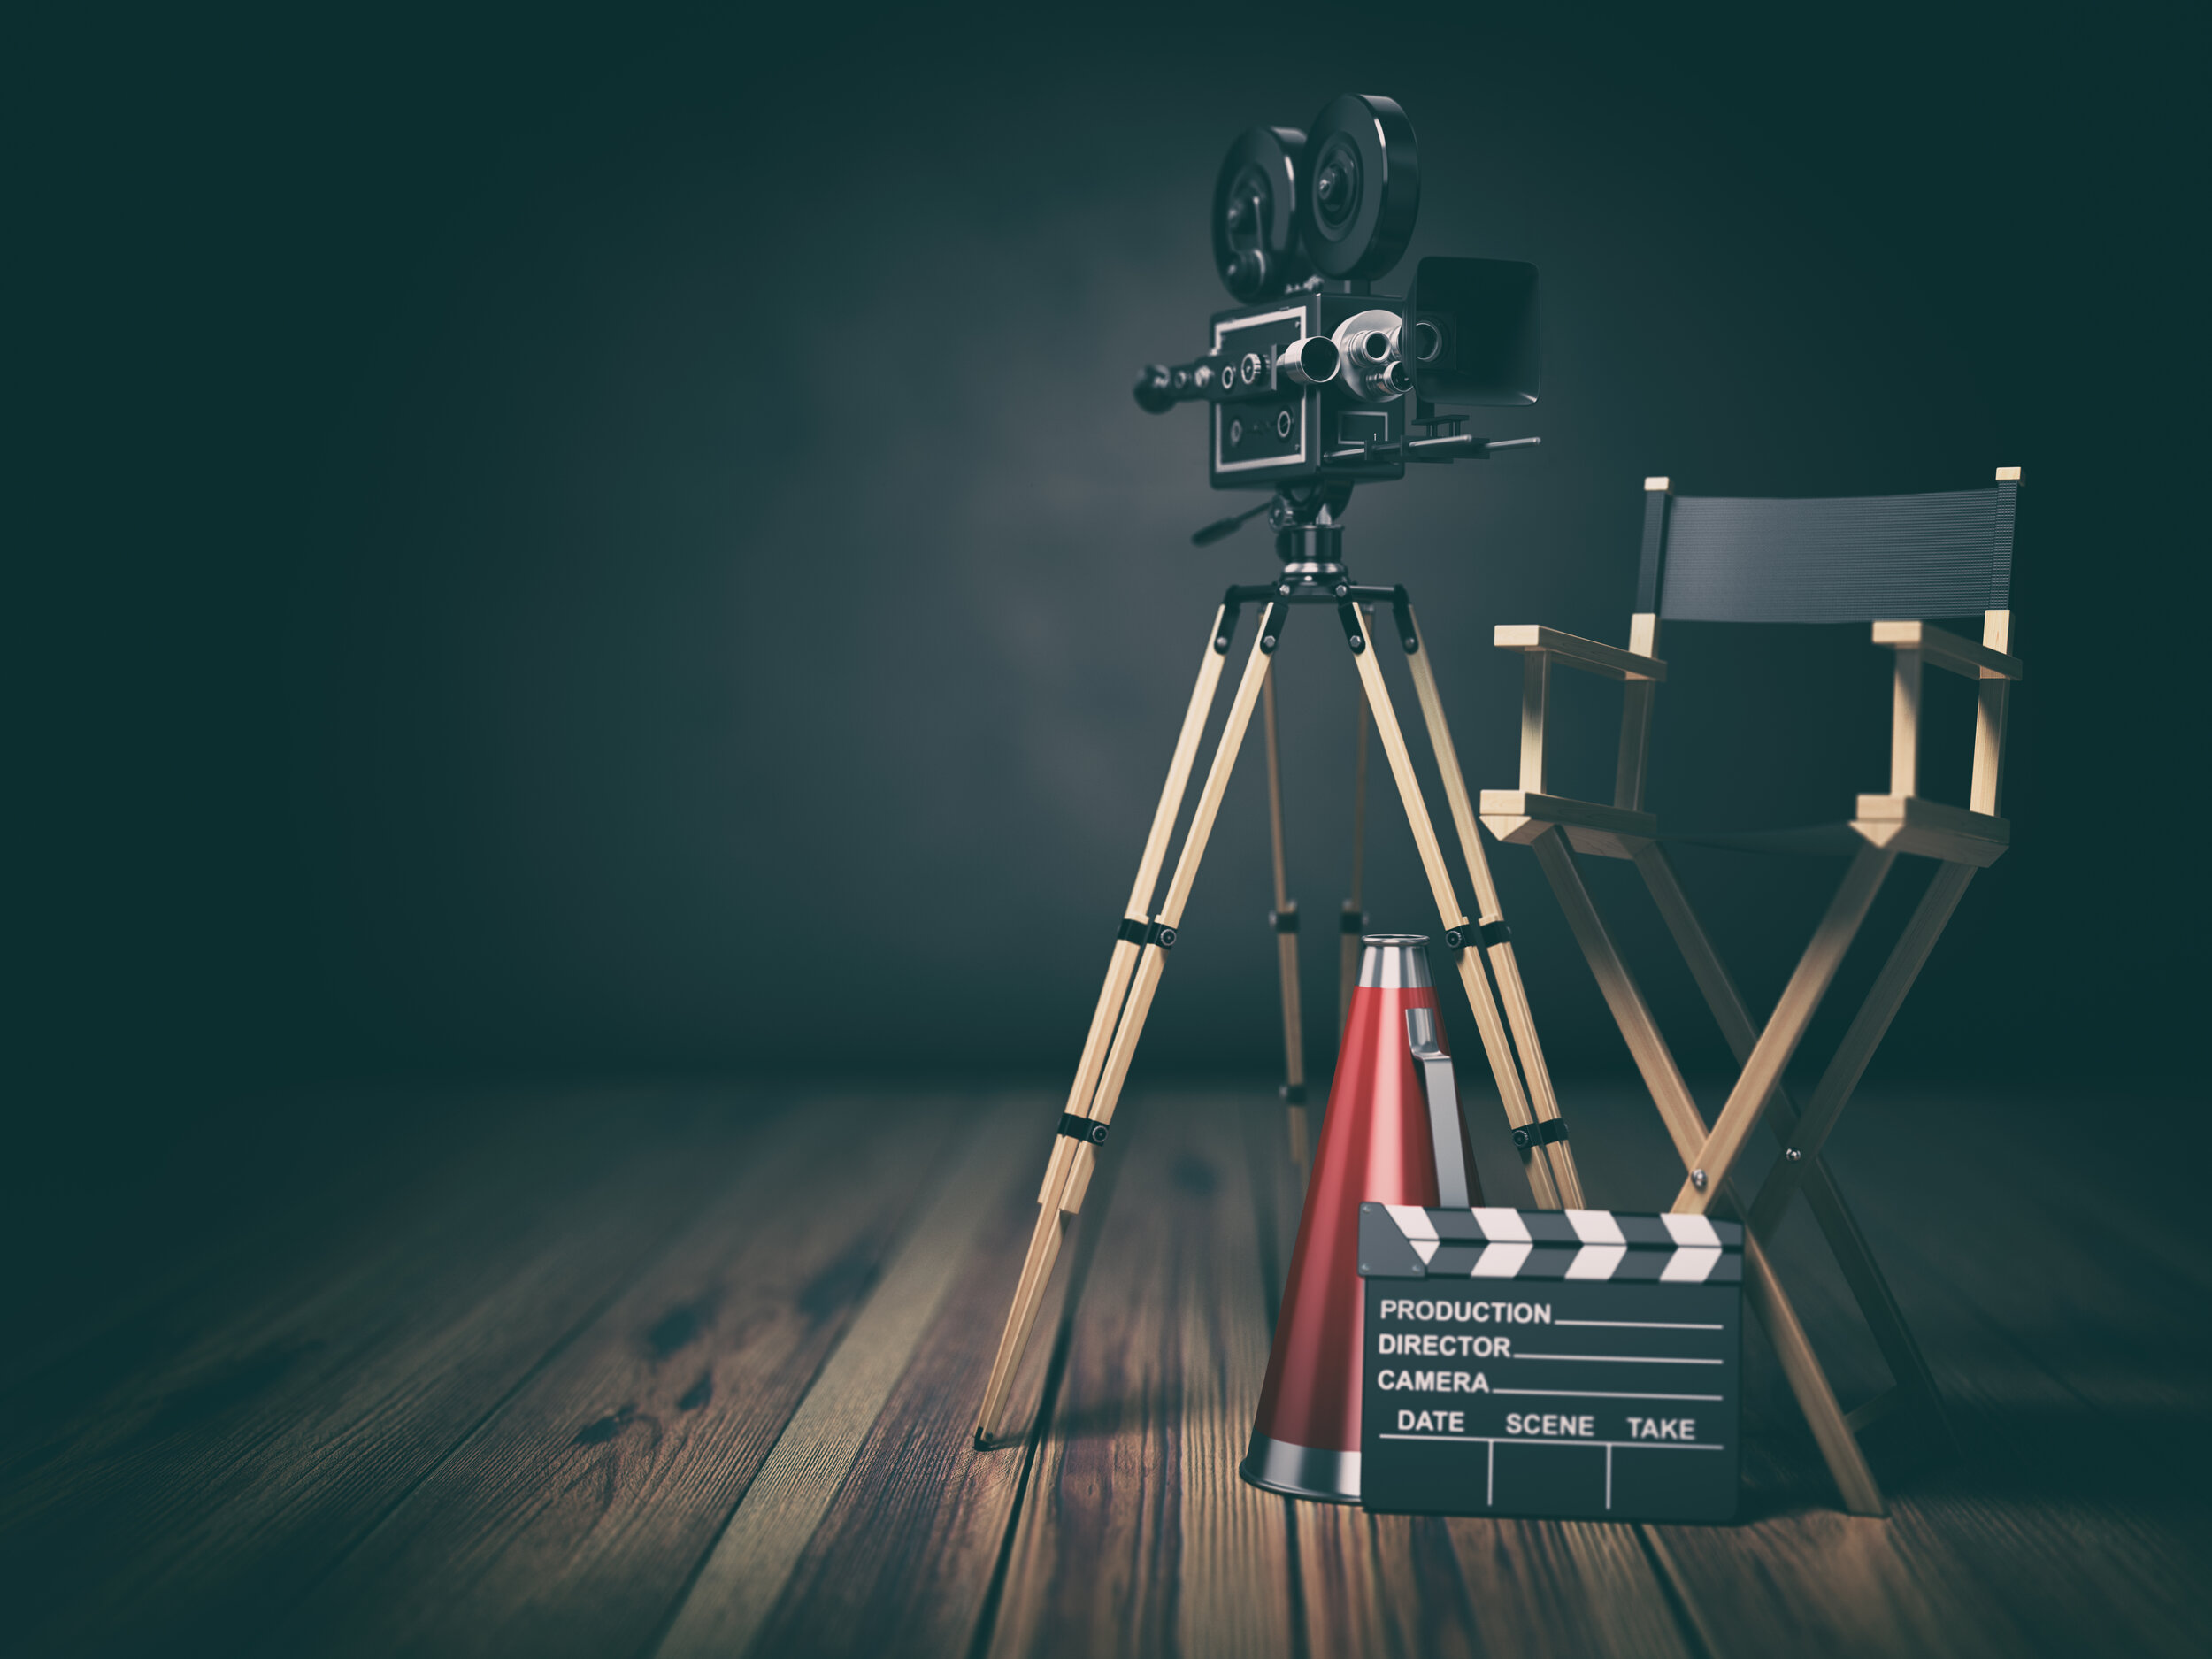 video-movie-cinema-concept-retro-camera-clapperboa-P6VW6RV.jpg
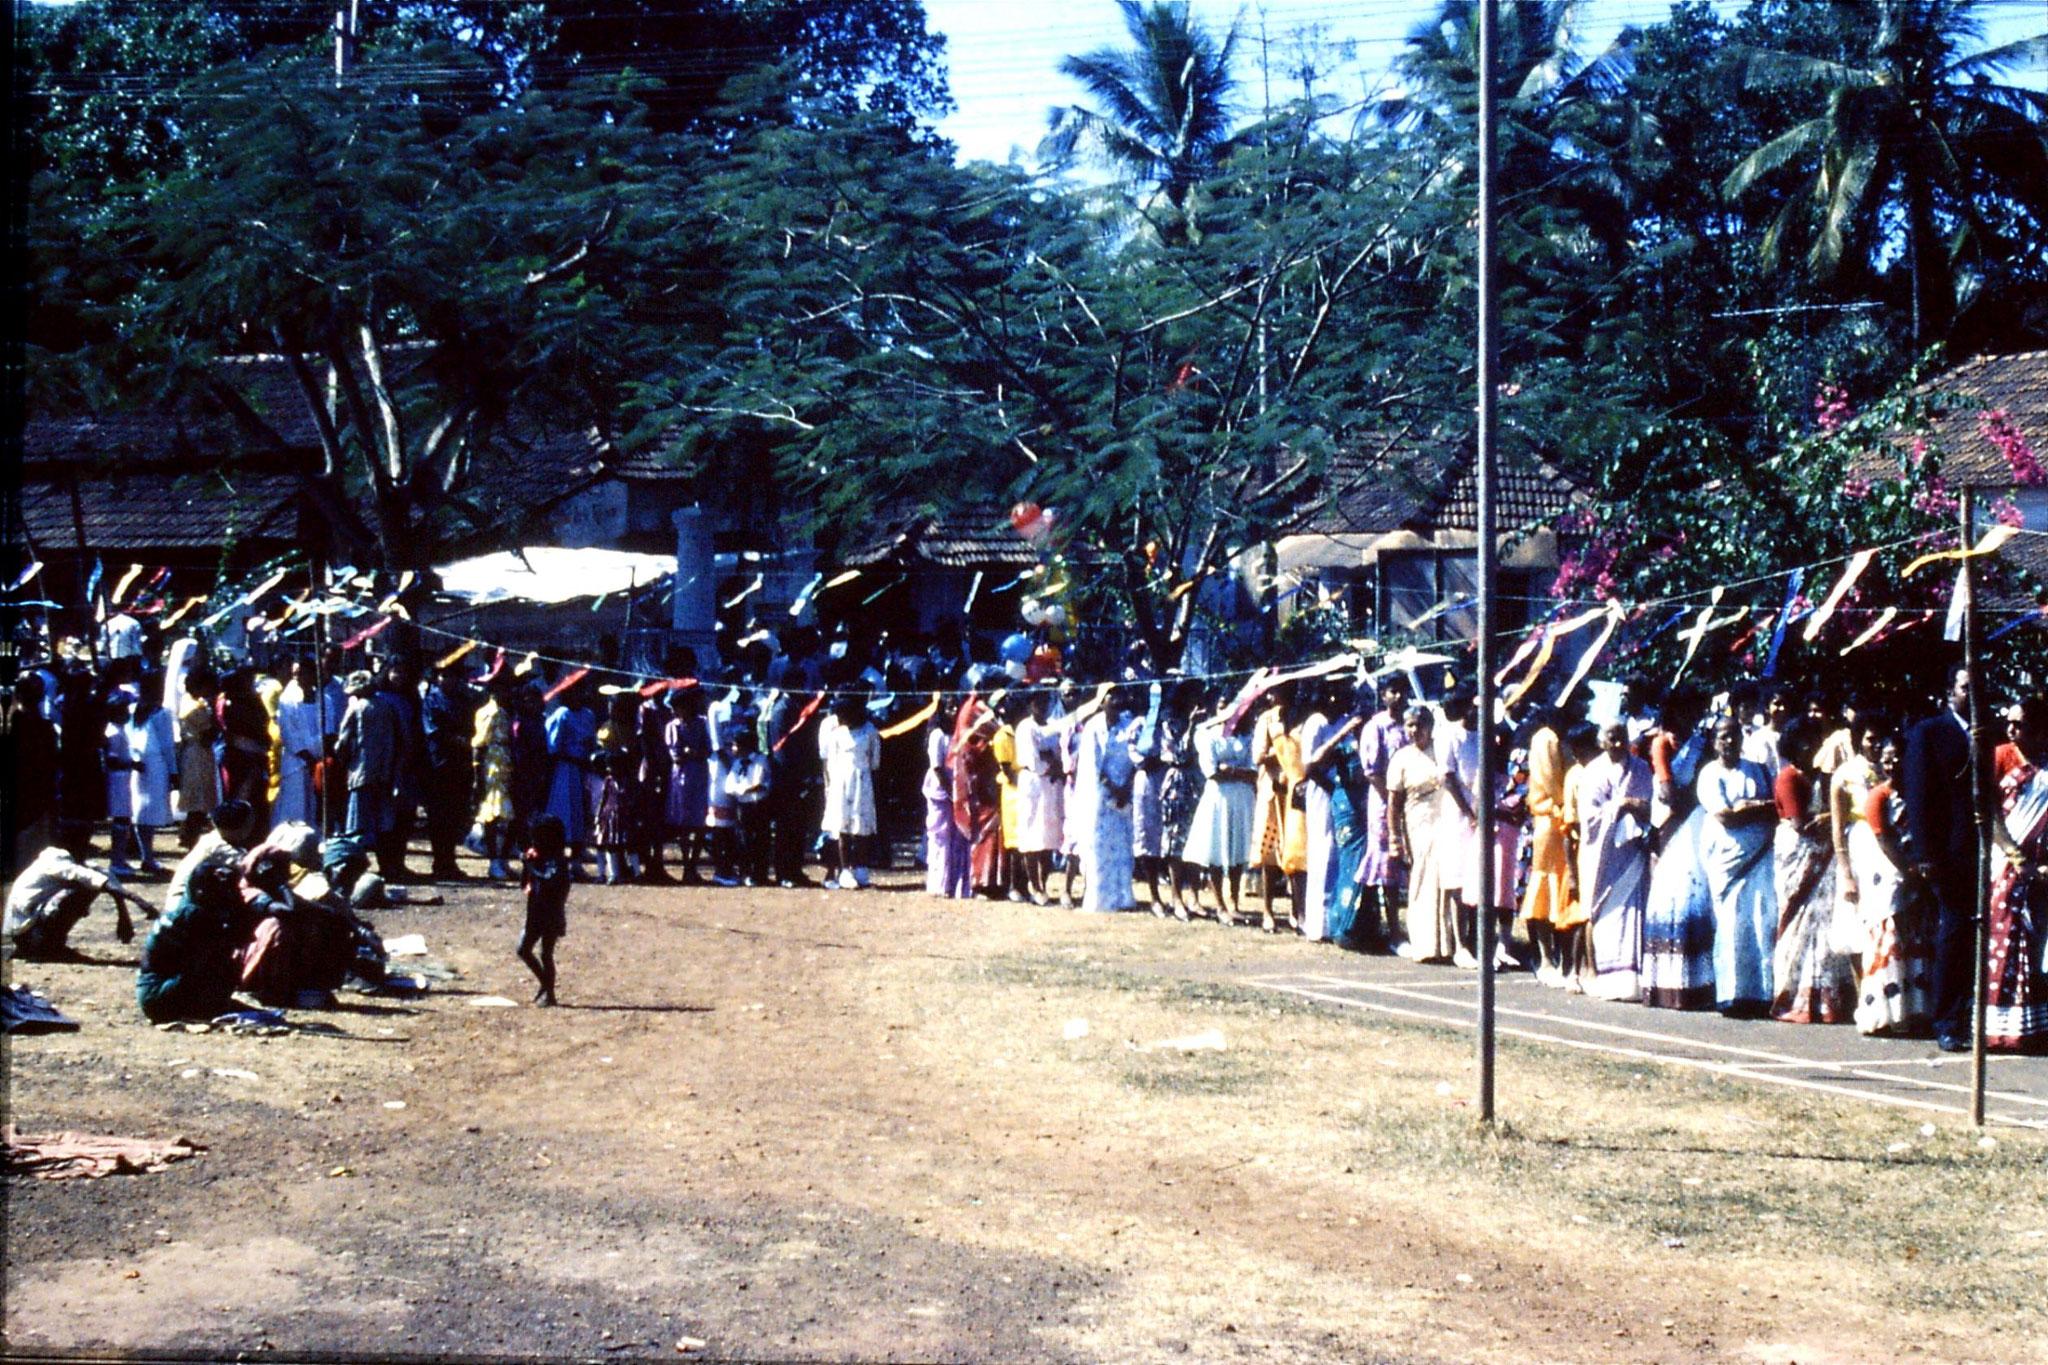 31/12/1989: 13: Siolim church and 10.30 mass procession
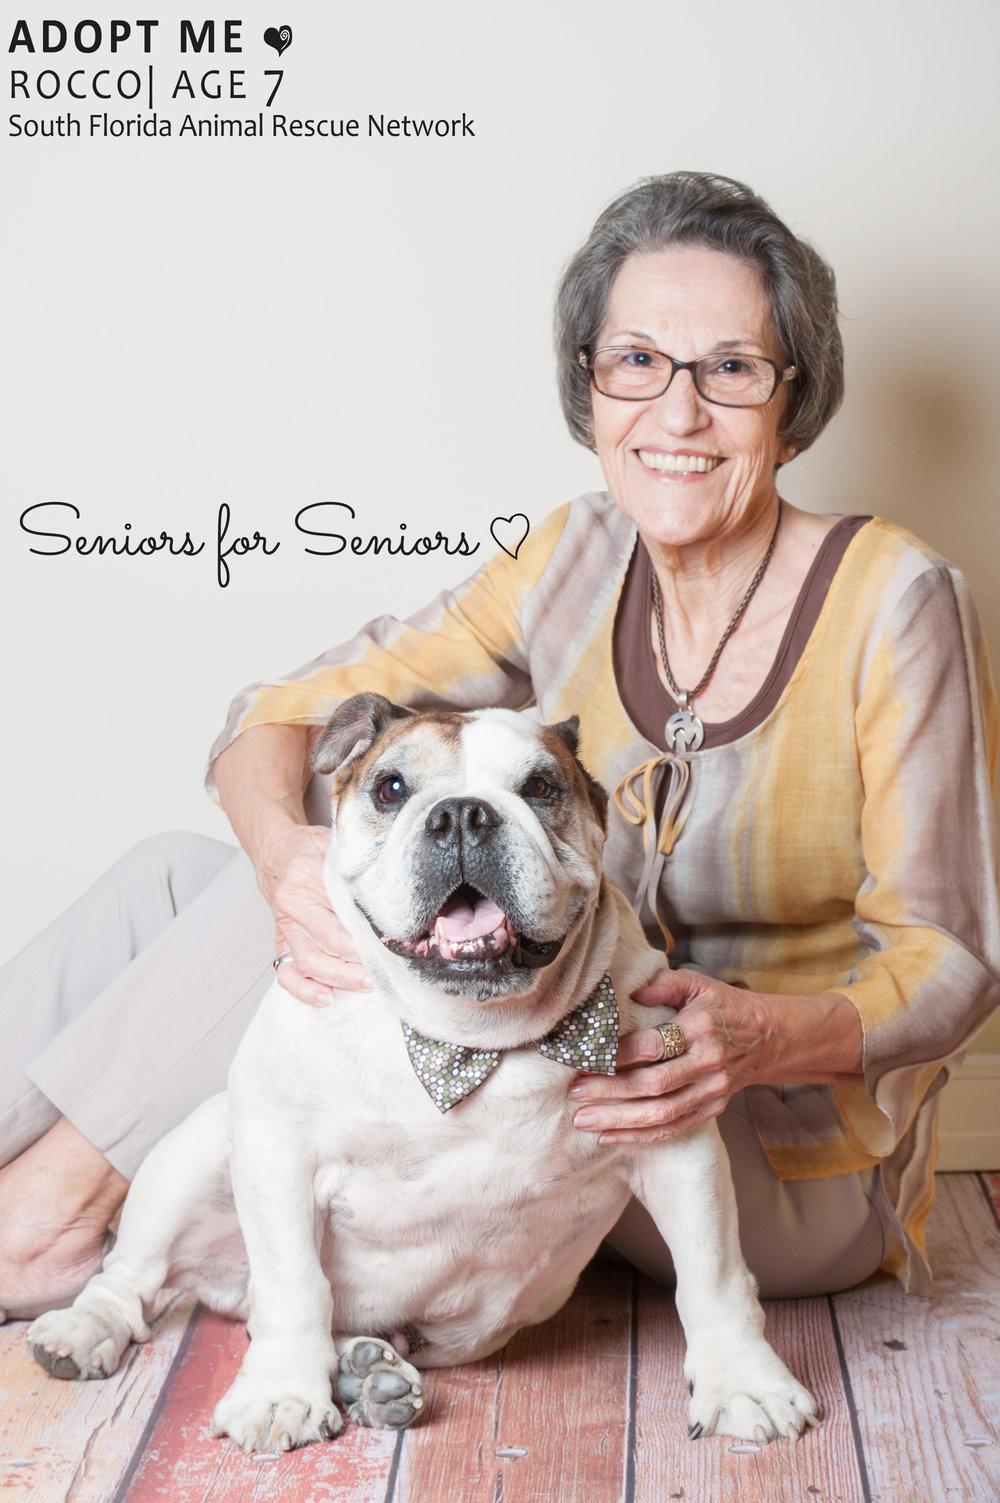 seniorsforseniors_rocco2.jpg
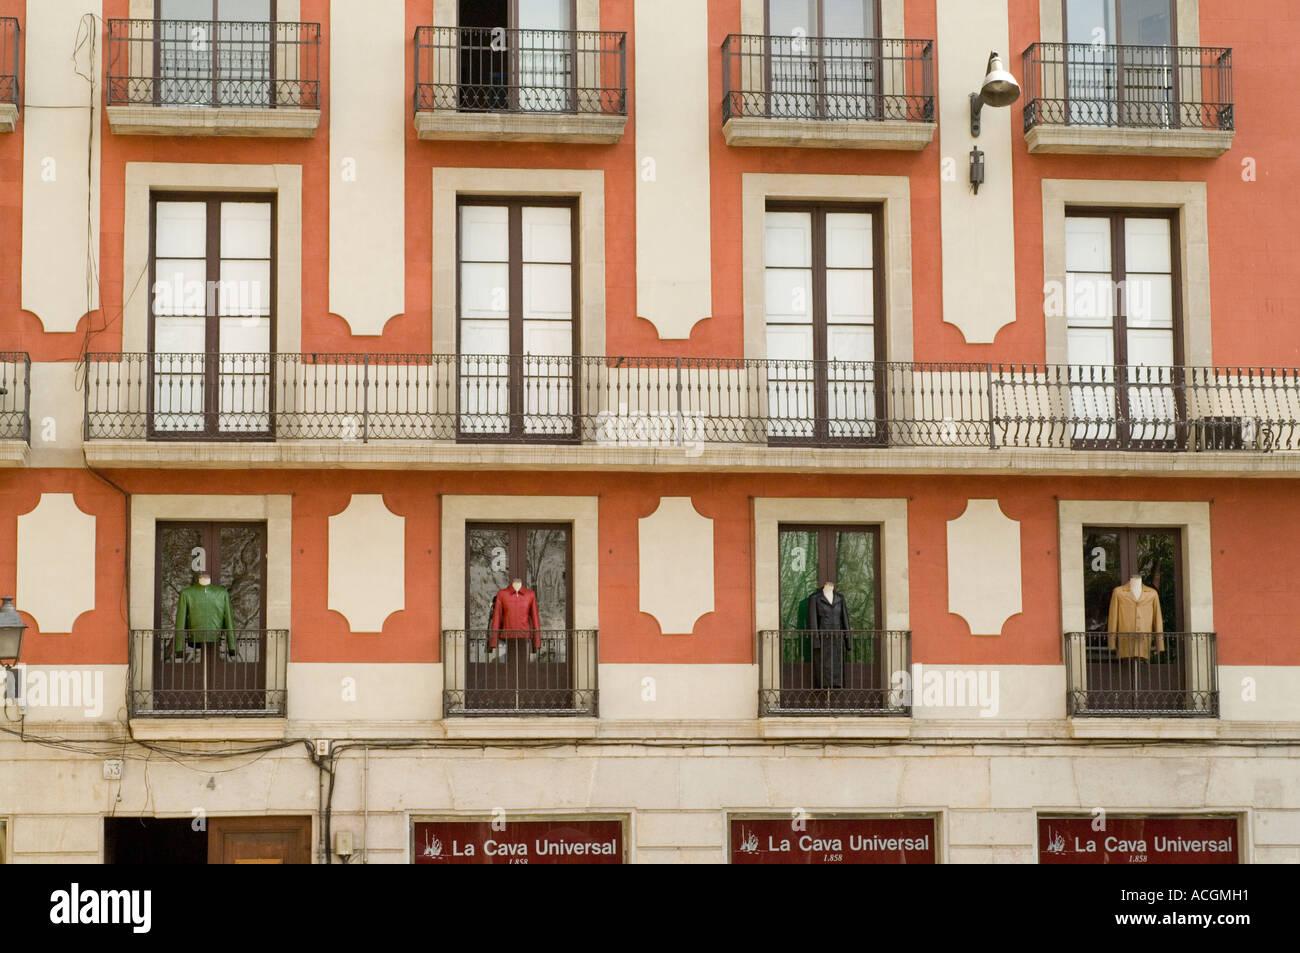 La Cava Universal, Ciutat Vella, Barcelona Spain - Stock Image

- Requirement -
Transcribe the listing in full. Omit the pictures and keep every line exact.

- Solution to this task -
 video-movie-cinema-concept-retro-camera-clapperboa-P6VW6RV.jpg
 31/12/1989: 13: Siolim church and 10.30 mass procession
 seniorsforseniors_rocco2.jpg
 La Cava Universal, Ciutat Vella, Barcelona Spain - Stock Image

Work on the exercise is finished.